Elastic photon scattering and normalization ofIn Vivo XRF Analyses of Lead in Bone

One method of monitoring long-term exposure to Pb concerns the siting of an appropriate source-detector arrangement proximal to the tibial bone, detecting the x-ray fluorescence (XRF) in a backscattering geometry. Some systems make use of a relatively active source of 109 Cd mounted on the front of a thin-window high-resolution detector. The elastic peak at 88.036 keV, which is assumed to be due to the higher Z components of natural bone, is well separated from the Compton peak. Evaluation of the elastic peak allows normalization of the XRF signal, with results being stated in terms of micrograms of Pb per gram of bone mineral. In the present study, simulation has been made of elastic scattering from compact bone (ICRU-37 eight-element composition) and soft tissue (ICRU-44 nine-element composition) to which has been added Pb in the range 10-1000 ppm by mass. Interest focuses on the extent to which these Pb concentrations can affect the accuracy of the normalization process.
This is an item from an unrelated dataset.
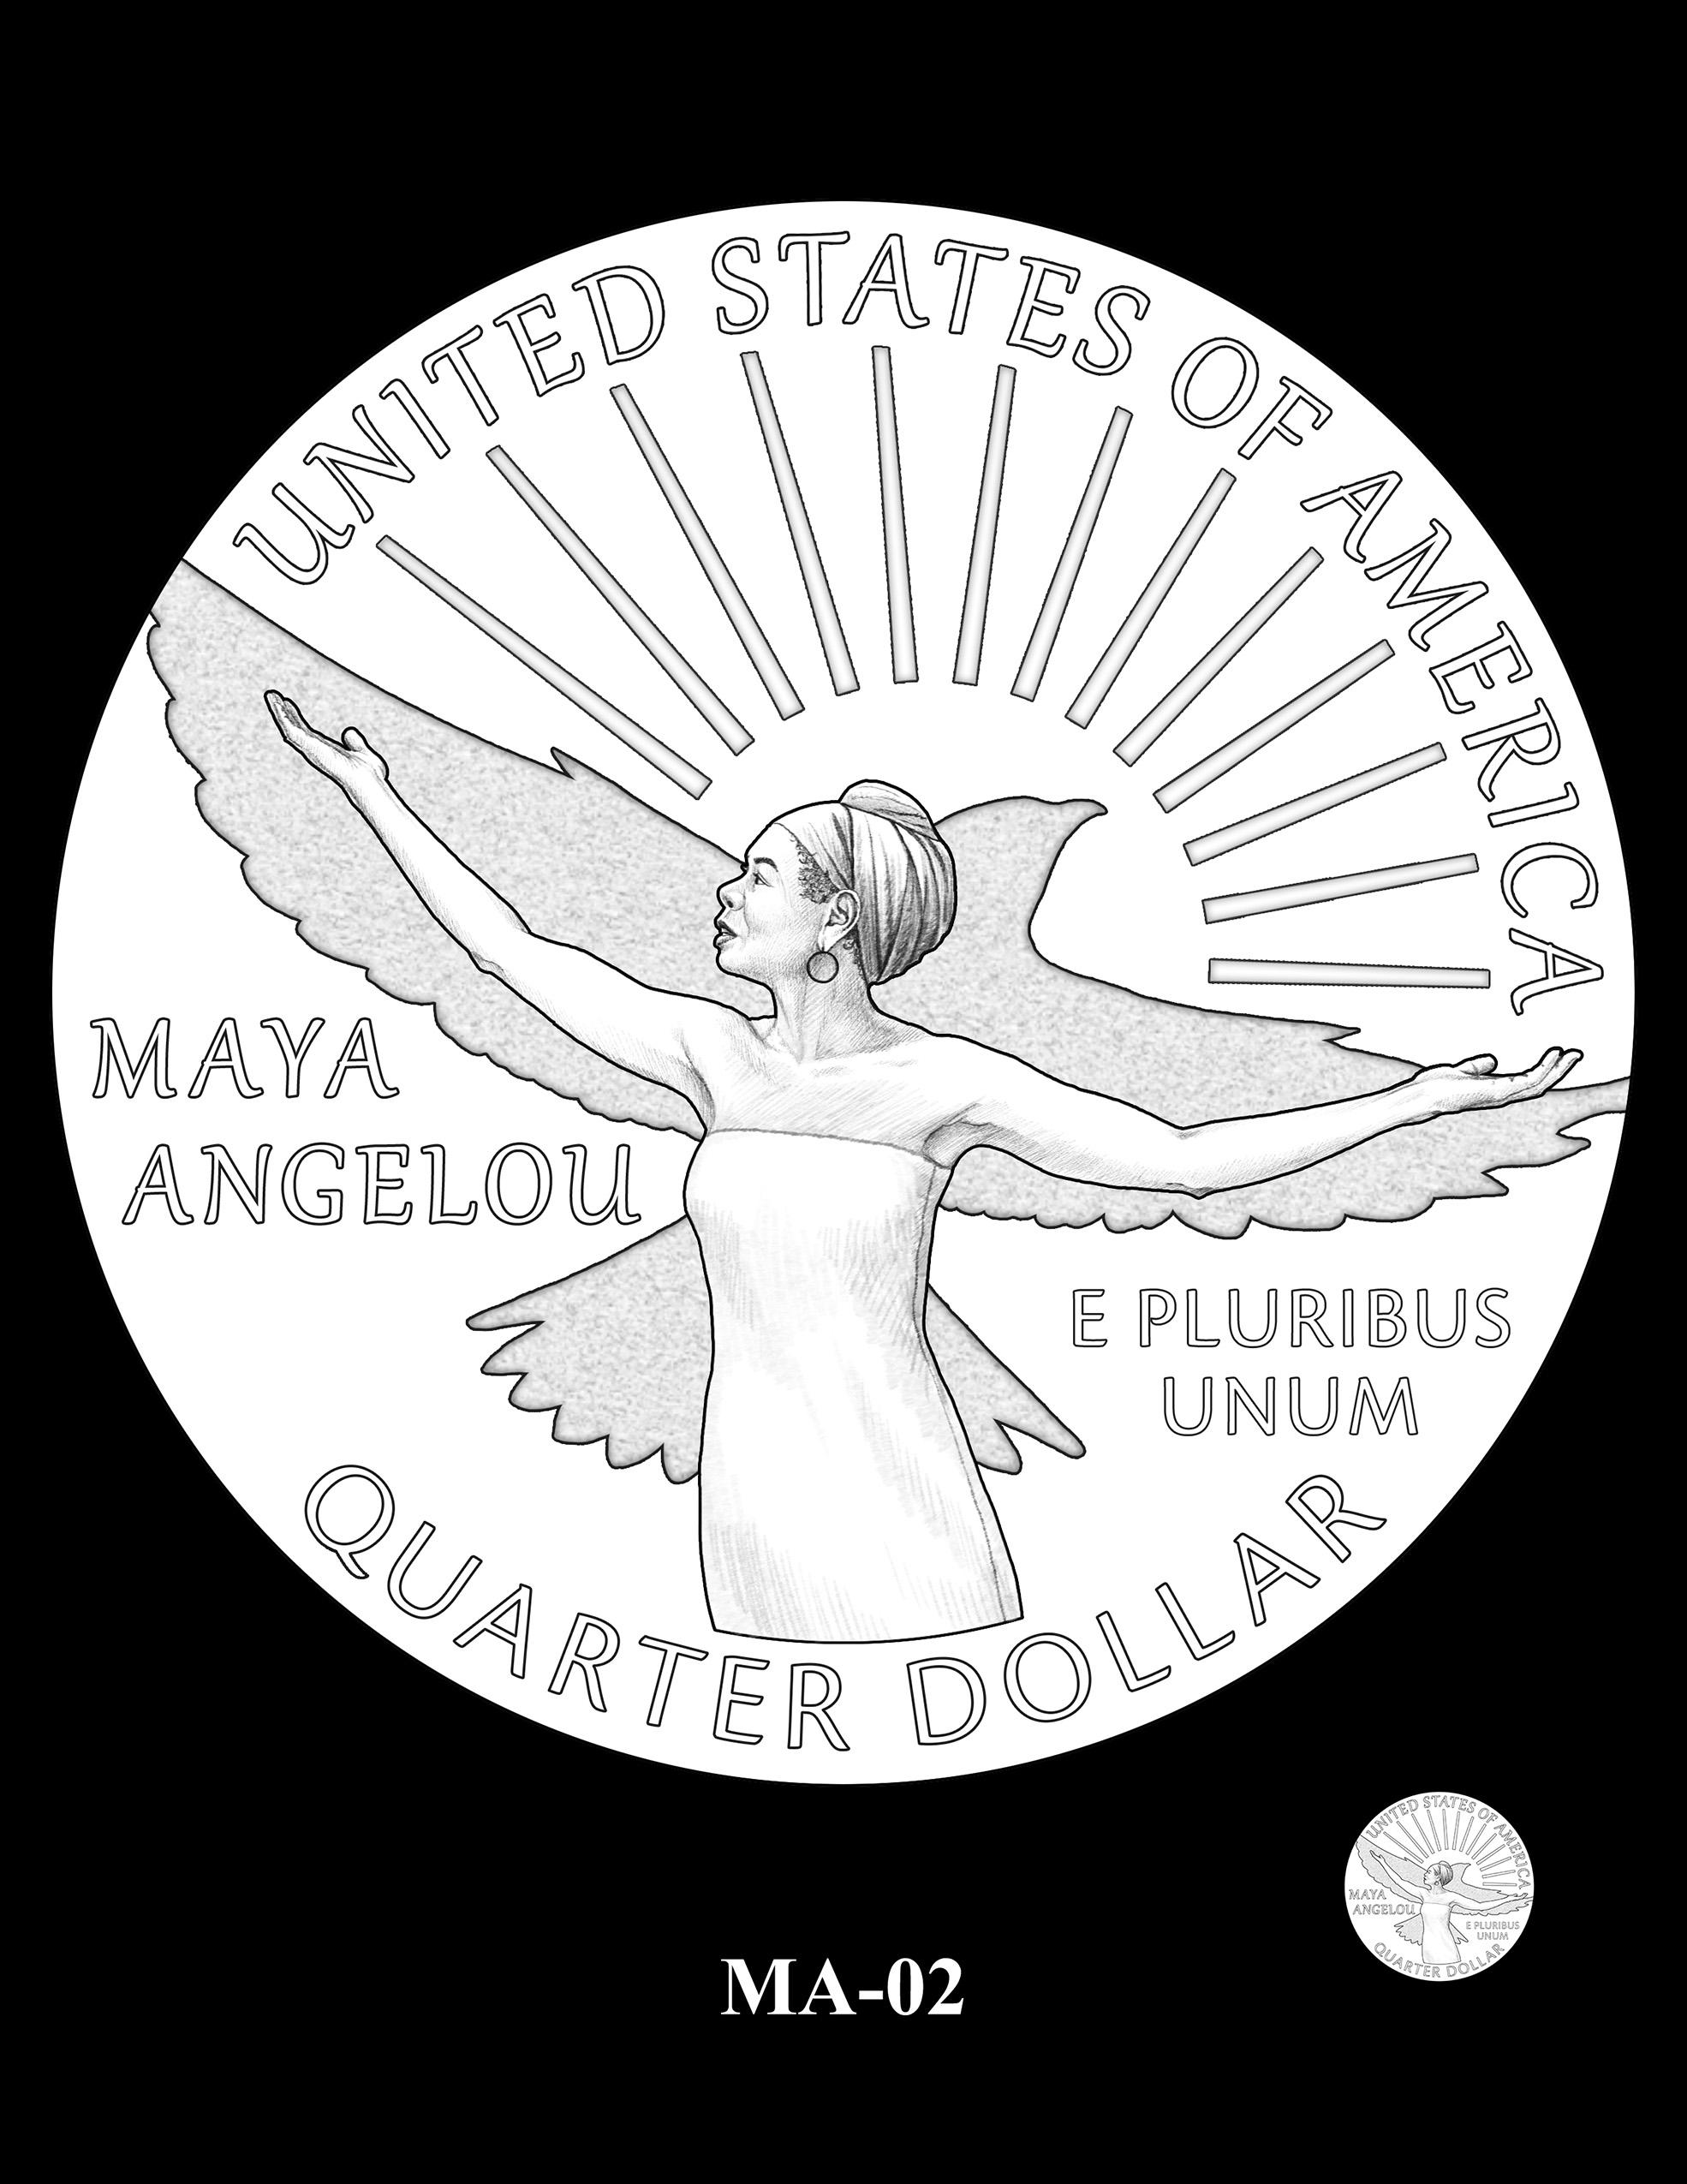 MA-02 -- 2022 American Women Quarters - Maya Angelou Reverse

Results are obtained for photon energies in the range 1-1000 keV and scattering angles of 10° and 165°. The contribution from Pb to total elastic scattering increases sharply for photon energies above the K-photoeffect threshold of Pb (i.e. above approximately 100 keV) and is more important to the total elastic cross-section at 165° than at 10°, For radionuclide source energies which are practical for the in vivo detection of Pb, the normalization procedure is affected at levels of much less than 1%.